The Apples In Stereo - New Magnetic Wonder



Gut dass man von digitalen Musikshops Alben nicht nur in Einzelstücken sondern auch als Paket zum Komplettpreis runterladen kann, sonst könnte jemand den Fehler begehen nur knapp die Hälfte des neuen Albums von The Apples In Stereo zu hören. Denn über die Verarbeitung eines einzelnen Motivs geht der Rest genau so selten hinaus wie über die Länge von 60 Sekunden und wäre somit nicht ernsthaft als Song zu bezeichnen, Füllmaterial sollte man meinen und somit auch unbedeutend.

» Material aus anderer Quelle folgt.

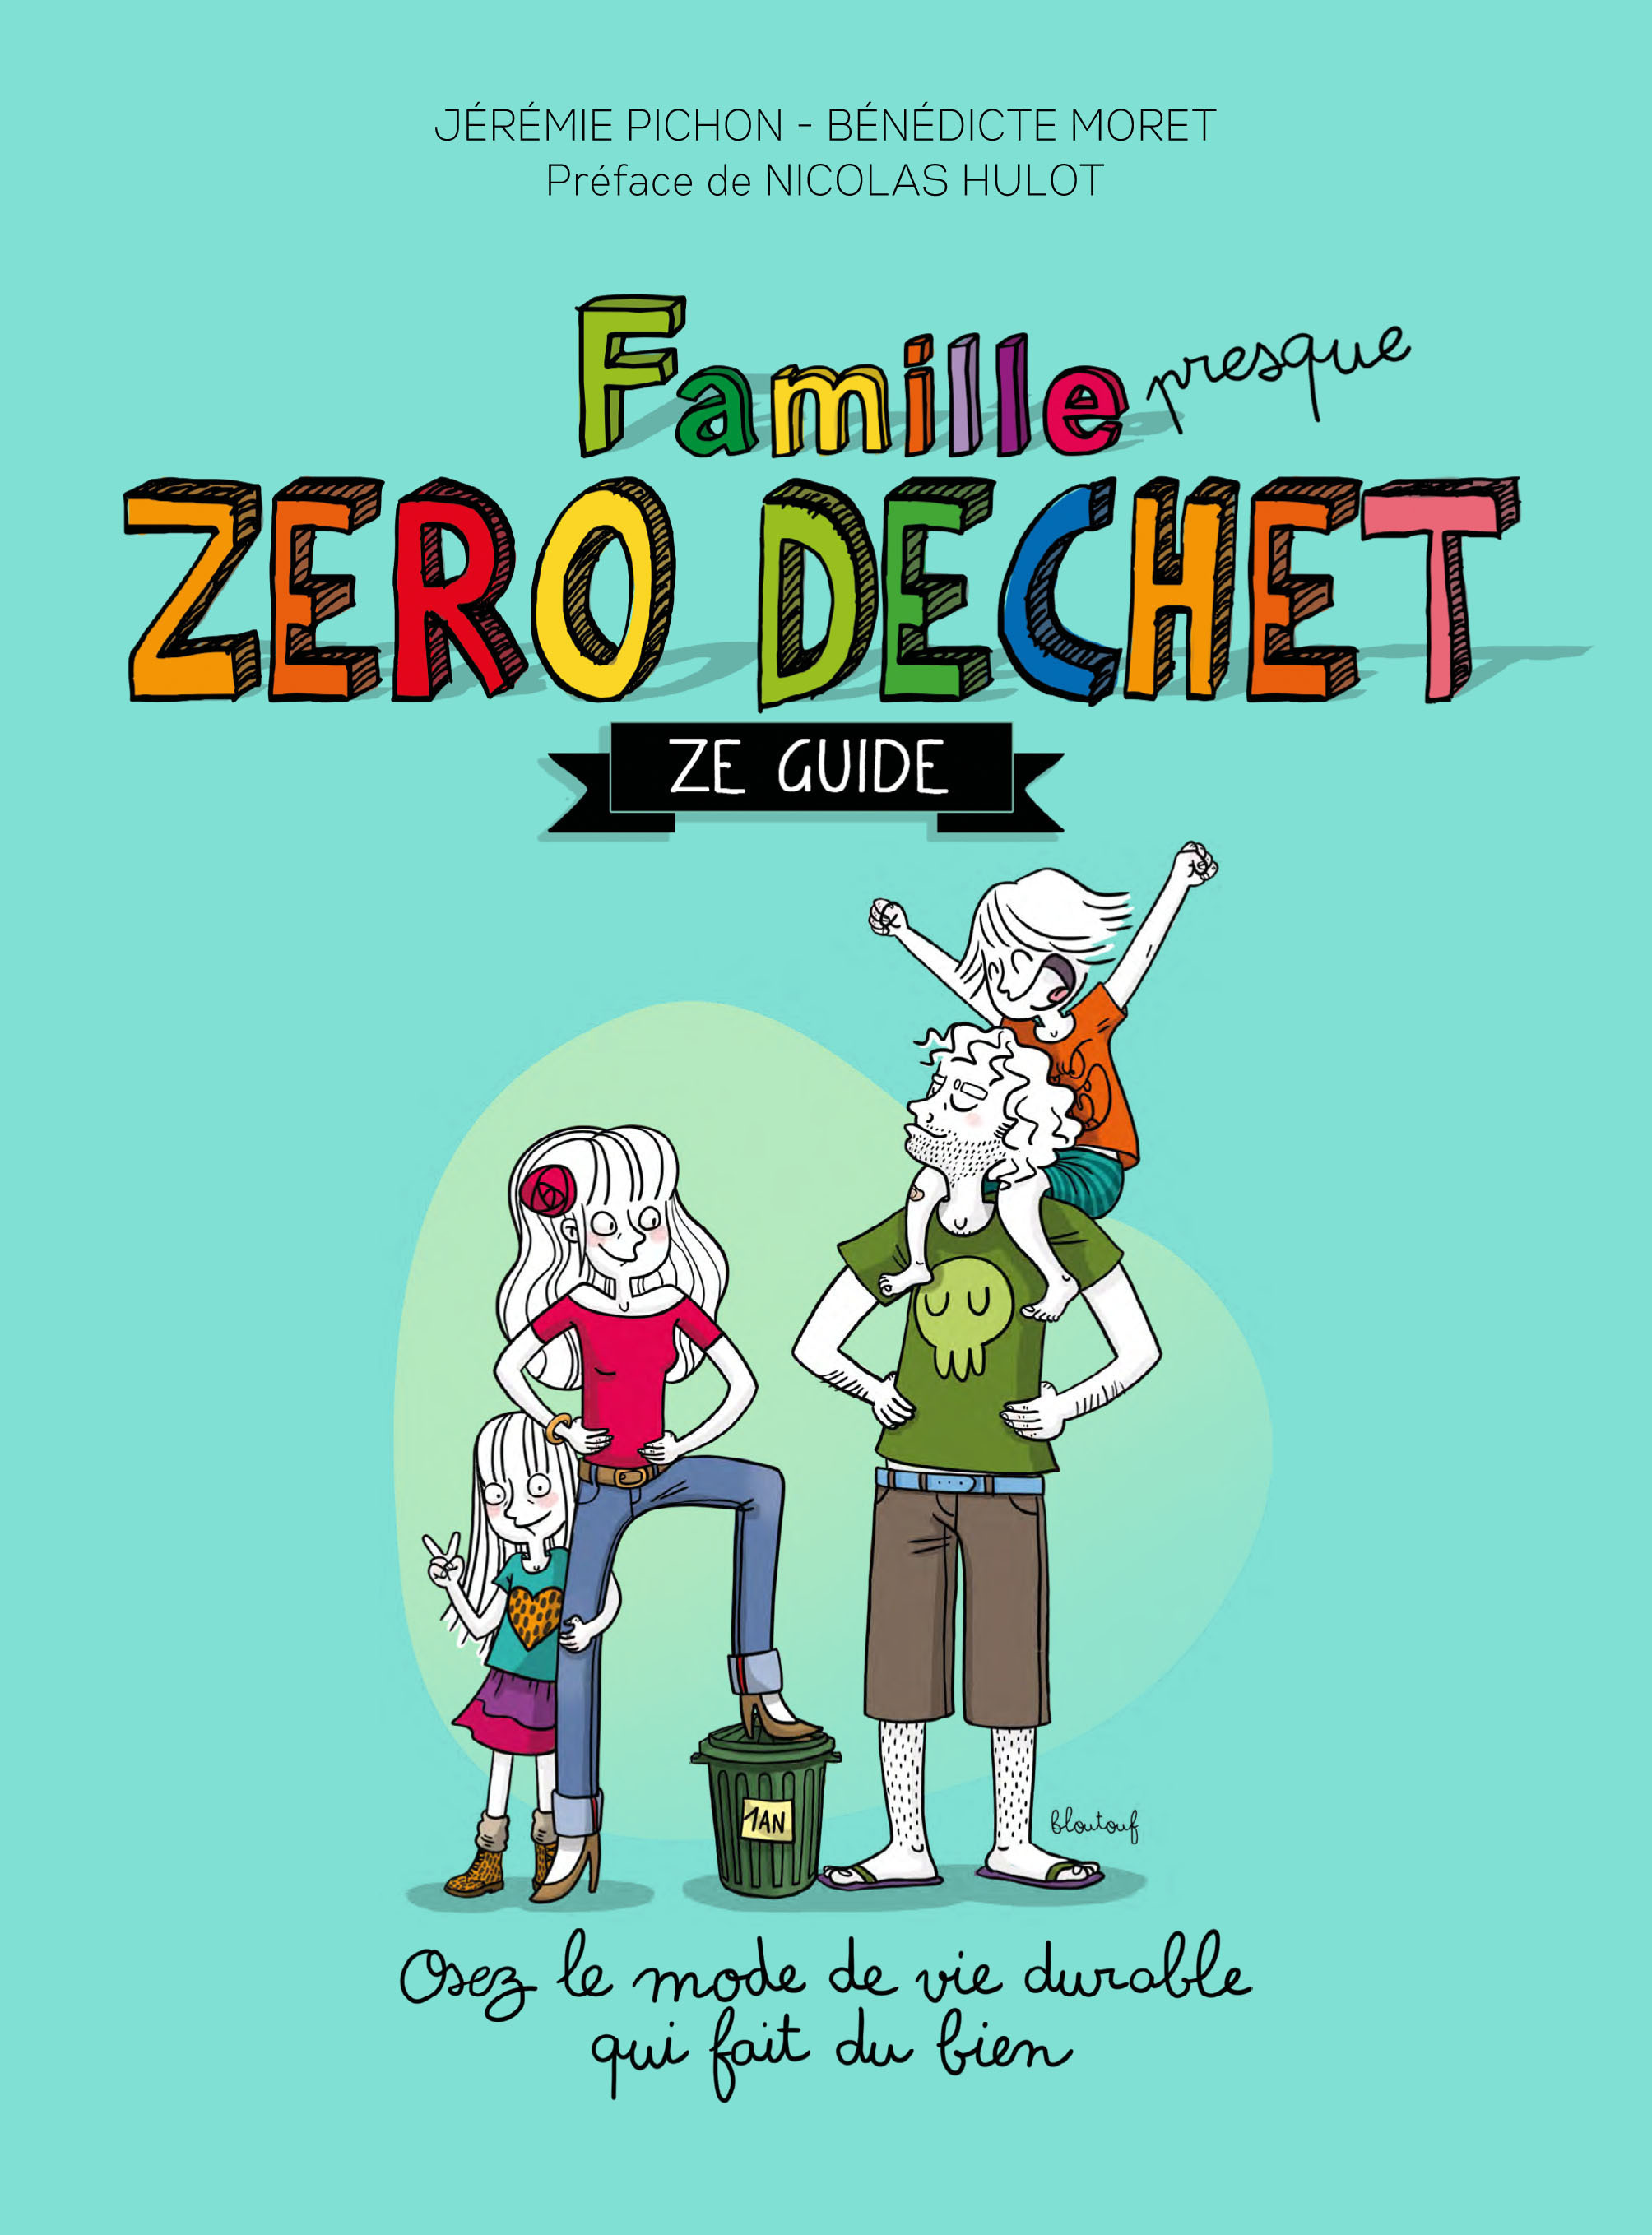 Ze Guide - Famille presque Zéro Déchet

Zunächst aber würde man damit den Aufwand verkennen der dahinter steckt, denn die Non Pythagorean Compositions basieren auf einer von Apples-Mastermind Robert Schneider mal eben erfundenen komplett neuen Tonskala (als Bonusmaterial enthält die CD u.a. ein Video auf dem Schneider begeistert geekig etwas von der Theorie dahinter erzählt), kurzgefasst ist das Merkmal dieser Tonalität dass die Abstände zwischen den Tonfrequenzen je weiter man die Tonleiter hochgeht logarithmisch kürzer werden. Aber nach mehreren Testläufen bin ich mir auch recht sicher dass New Magnetic Wonder ohne diese Einschiebsel, die Mellotrons, die Vokodersoli, die fremd klingenden kurzen nichtpythagoräischen Pianomelodien, nicht funktioniert.

Schneider hat ein tolles Gespür für unbeschwerte Popnummern mit leicht psychedelischem Anklang, seien es das überschwengliche Can You Feel It?, die etwas (aber nur etwas) reservierteren Play Tough und Radiation, die esoterischen Energy und Sun Is Out, das unwiderstehliche 7 Stars oder das wie für eine Autofahrt gemachte Same Old Drag. Hört man diese eingängigen Popsongs alle direkt hintereinander ergibt sich allerdings ein Problem, denn eingängig ist nicht gleichzusetzen mit simpel, hier werden oft so viele Spuren verwendet dass die Produktion kein Zuckerschlecken gewesen sein kann, und beim Hören fühlt man sich auch irgendwann überwältigt in gewisser Hinsicht, es bleibt nichts mehr hängen.

Abhilfe schaffen dem drei Dinge: Erstens die wohl letzten Songs von Hilarie Sidney für die Apples, Sunday Sounds und Sunndal Song, die zu den besten auf der Platte gehören und die weil sie etwas reifer wirken Schneiders Kompositionen sowohl ergänzen als auch kontrastieren.
Zweitens das schier gewaltige Beautiful Machine, der späte Höhepunkt des Albums in vier Teilen. In einem Wechselbad der Geisteszustände stolpert Schneider von Horror ("Paranoid in your sleep / and you have no voice") in Erleuchtungsvisionen ("Oh don't you know it's right / to be self-aware and filled with light / Oh don't you know it's wrong / we will be forgotten when we're gone"), und ihm folgt dabei eine Armada von Instrumenten die eine kosmische Sinfonie aufführt.

Und drittens eben die erwähnten kleinen Stücke, die Fragmente die den Ton und die Geschwindigkeit des Albums für ein paar Sekunden in andere Richtungen lenken, die dem Hörer Gelegenheit geben das letzte Stück sinken zu lassen oder das nächste vorbereiten. Oder einen auf den Boden der Tatsachen zurückholen, wenn Schneider nach der letzten großen Nummer Beautful Machine bedauert dass sein Treffen mit dem Hörer nun schon zu Ende ist: "Time has a way of just passing by / Can't you stay a little longer? / Can't you stay for dinner my friend?".